Mental Health Services and Government Assistance for Low-Income Americans

by Amos Z

A wide array of mental health conditions can make Americans eligible for government assistance coming from a number of different agencies, including the Department of Veterans Affairs which sponsors several programs focused on individuals struggling with mental illness.

These services are provided in numerous ways, including outpatient and inpatient settings, with general mental health services being a part of the primary care package described by the Patient Aligned Care Teams and VA-sponsored nursing homes where veterans receive care from trained professionals.

Apart from psychiatric care, patients can also get access to unique psycho-social services created with the purpose of making life easier for veterans dealing with schizophrenia and other more serious mental illnesses.

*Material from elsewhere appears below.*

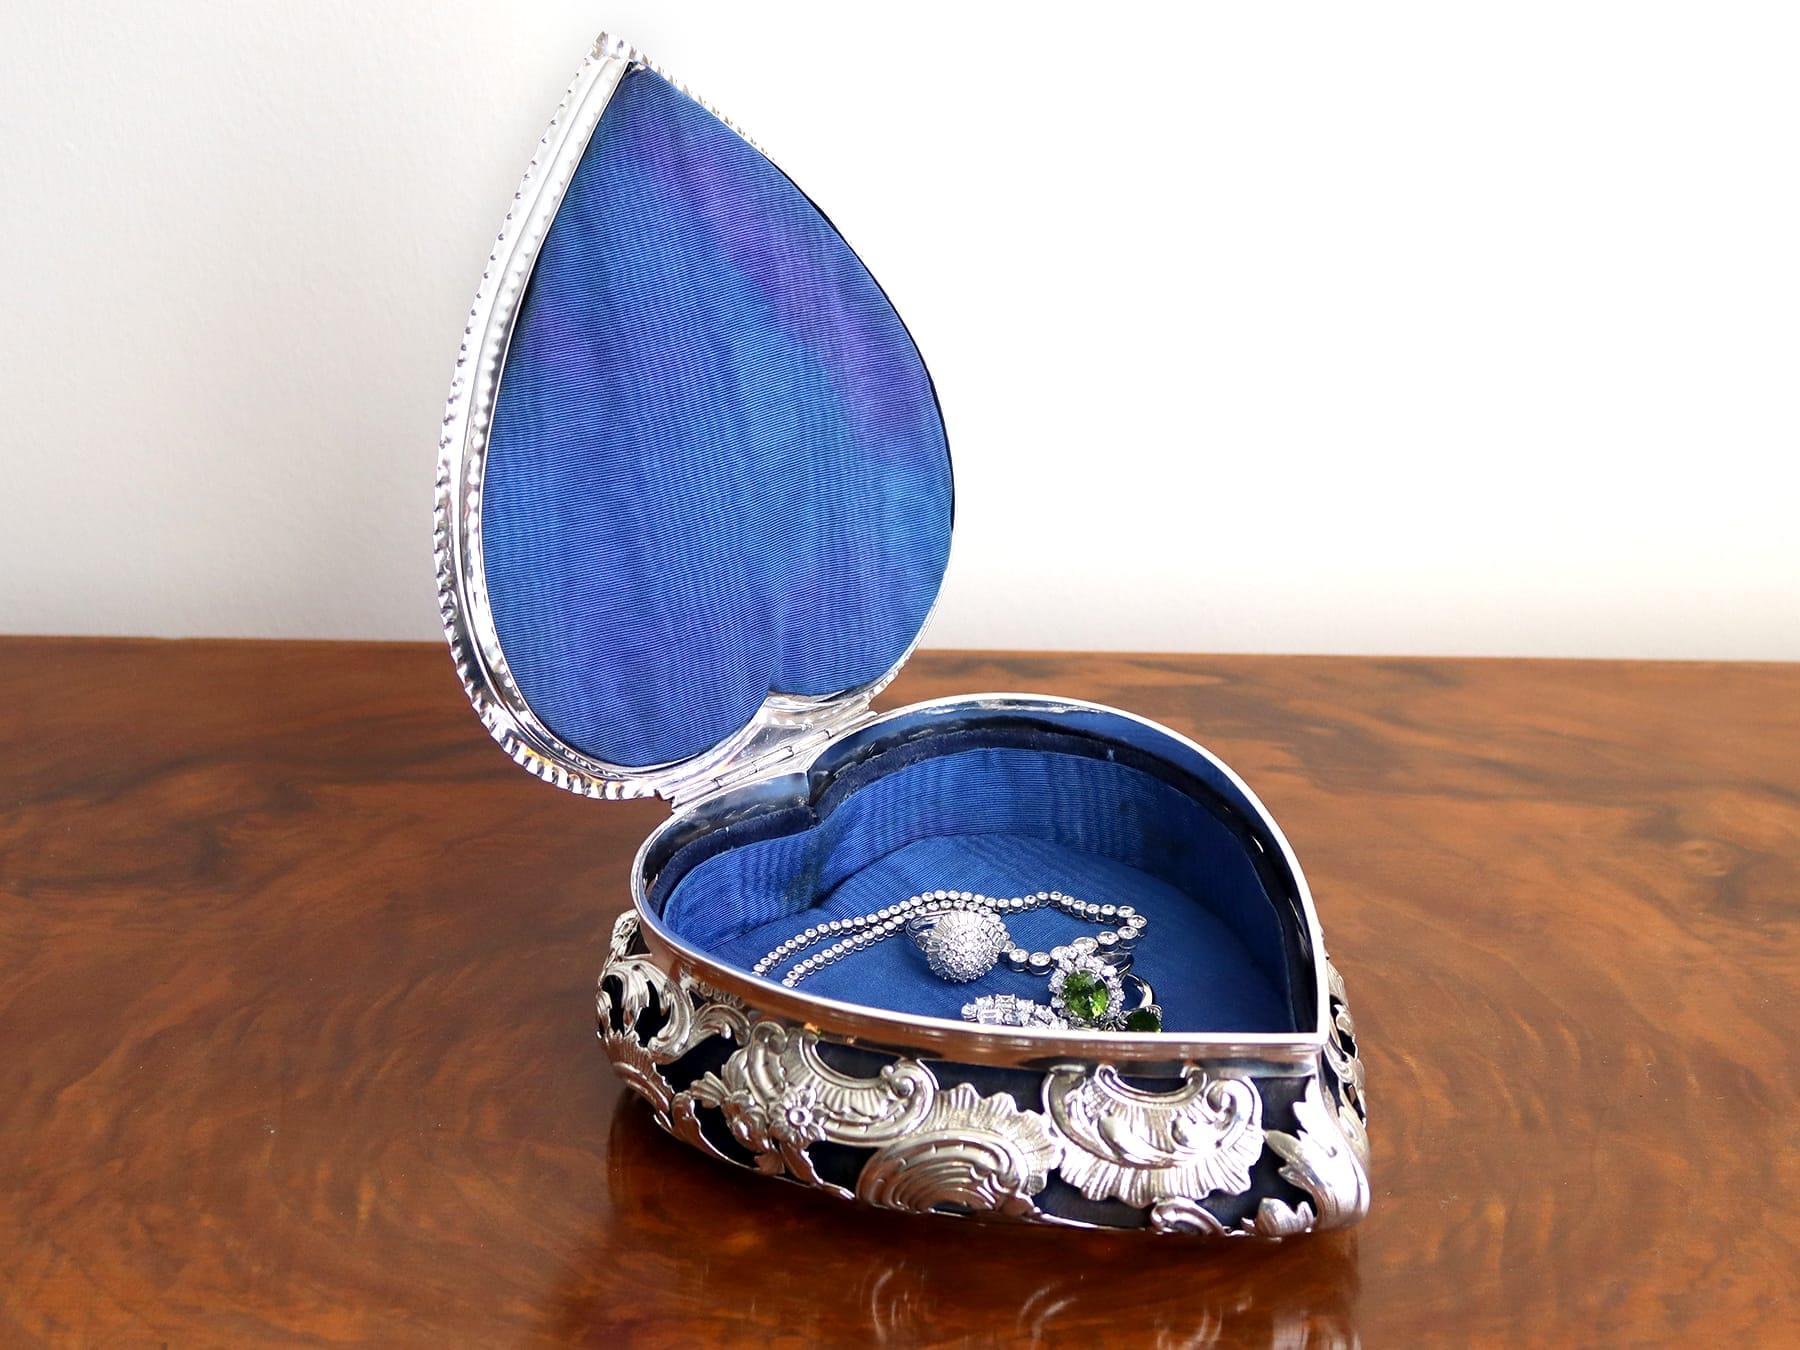 Antique Victorian Sterling Silver Heart Jewellery Box (1889) In Excellent Condition For Sale In Jesmond, Newcastle Upon Tyne

We’ll go over the many assistance programs available to veterans dealing with mental illness and give you an insight into how they work and what you can do to apply for benefits.


In order to qualify for benefits, an individual must first be part of the VA Health Care system, although there are certain exceptions based on state law, with requirements explained in full detail on the official website for the program.

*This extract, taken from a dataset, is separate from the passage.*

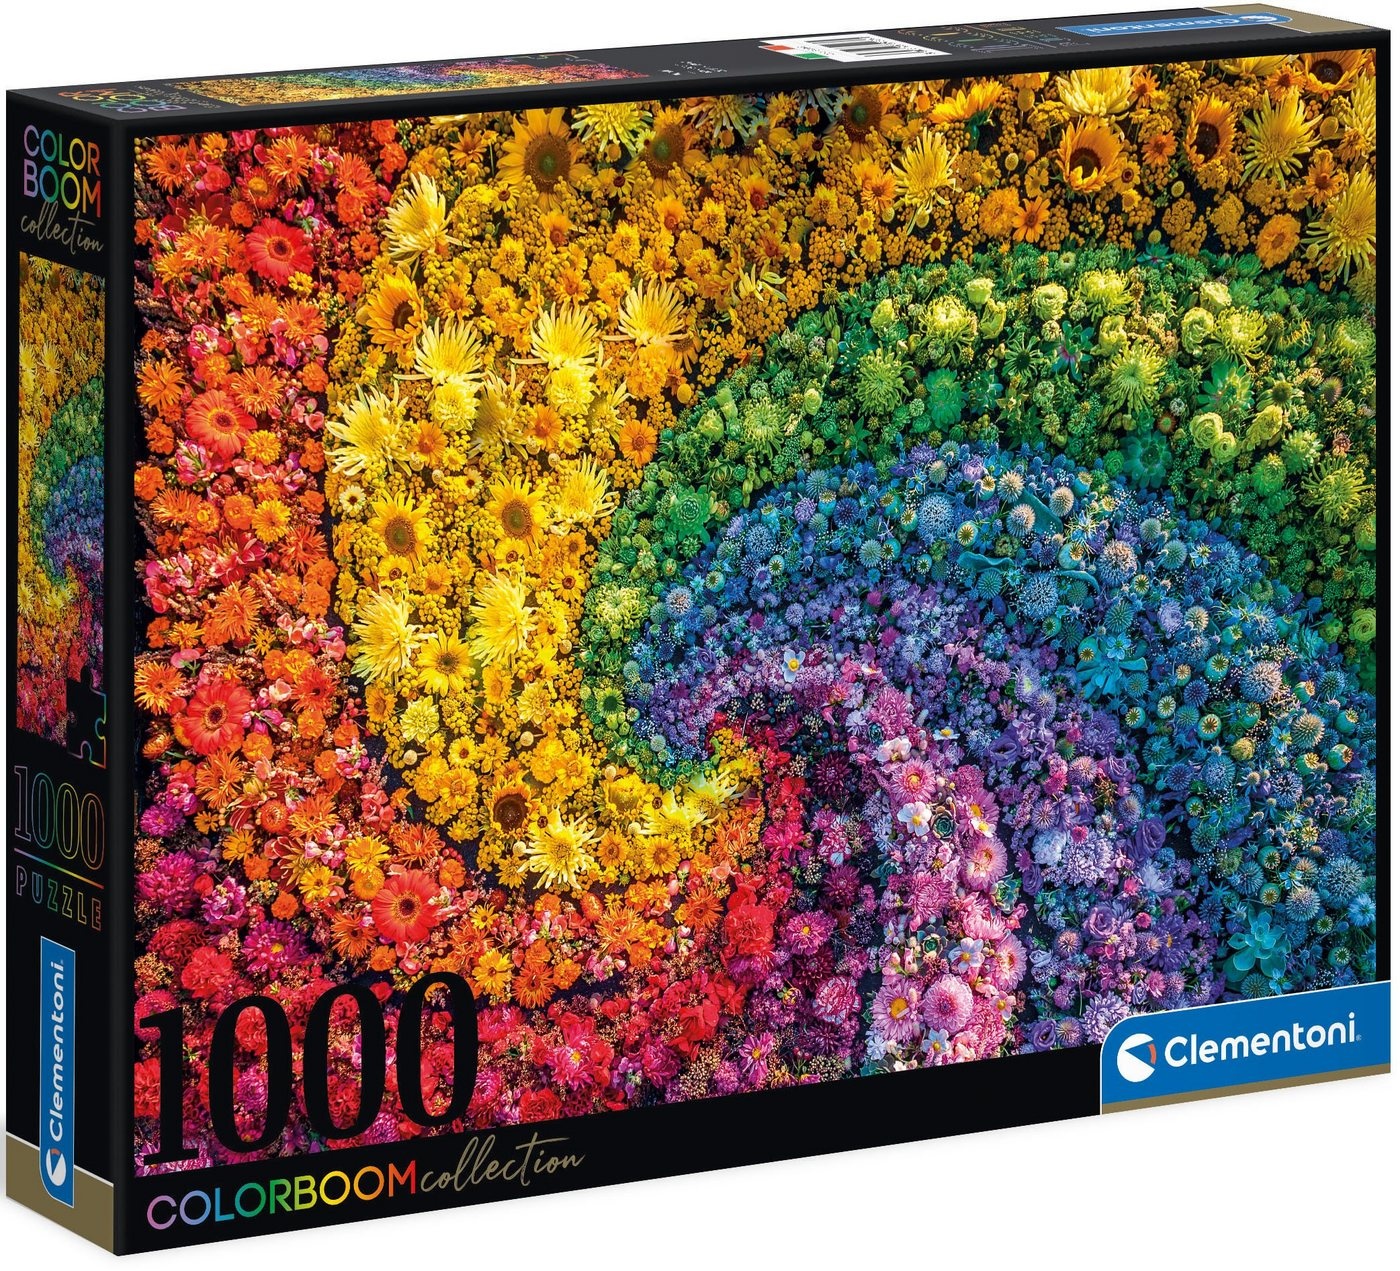 Clementoni® Puzzle Colorboom Collection, Whirl, 1000 Puzzleteile, Made in Europe, FSC® - schützt Wald - weltweit bunt

However, for individuals with mental health conditions that the VA deems to be service-connected, there’s no need for you to enroll in their healthcare system, and you will be provided with treatment nonetheless.

On top of this, one’s discharge conditions mustn’t be dishonorable, as dishonorable discharge prevents individuals from qualifying for VA mental health benefits.

That being said, those that received other types of discharge from service, including undesirable, bad conduct, and other negative discharges may be able to qualify for benefits, albeit this will be up to the VA office to decide, so don’t take it for granted.


Contrary to popular belief, applying for benefits through the VA or any other government agency is far from difficult, and apart from the heaps of documentation you will have to provide, the process itself is fairly simple.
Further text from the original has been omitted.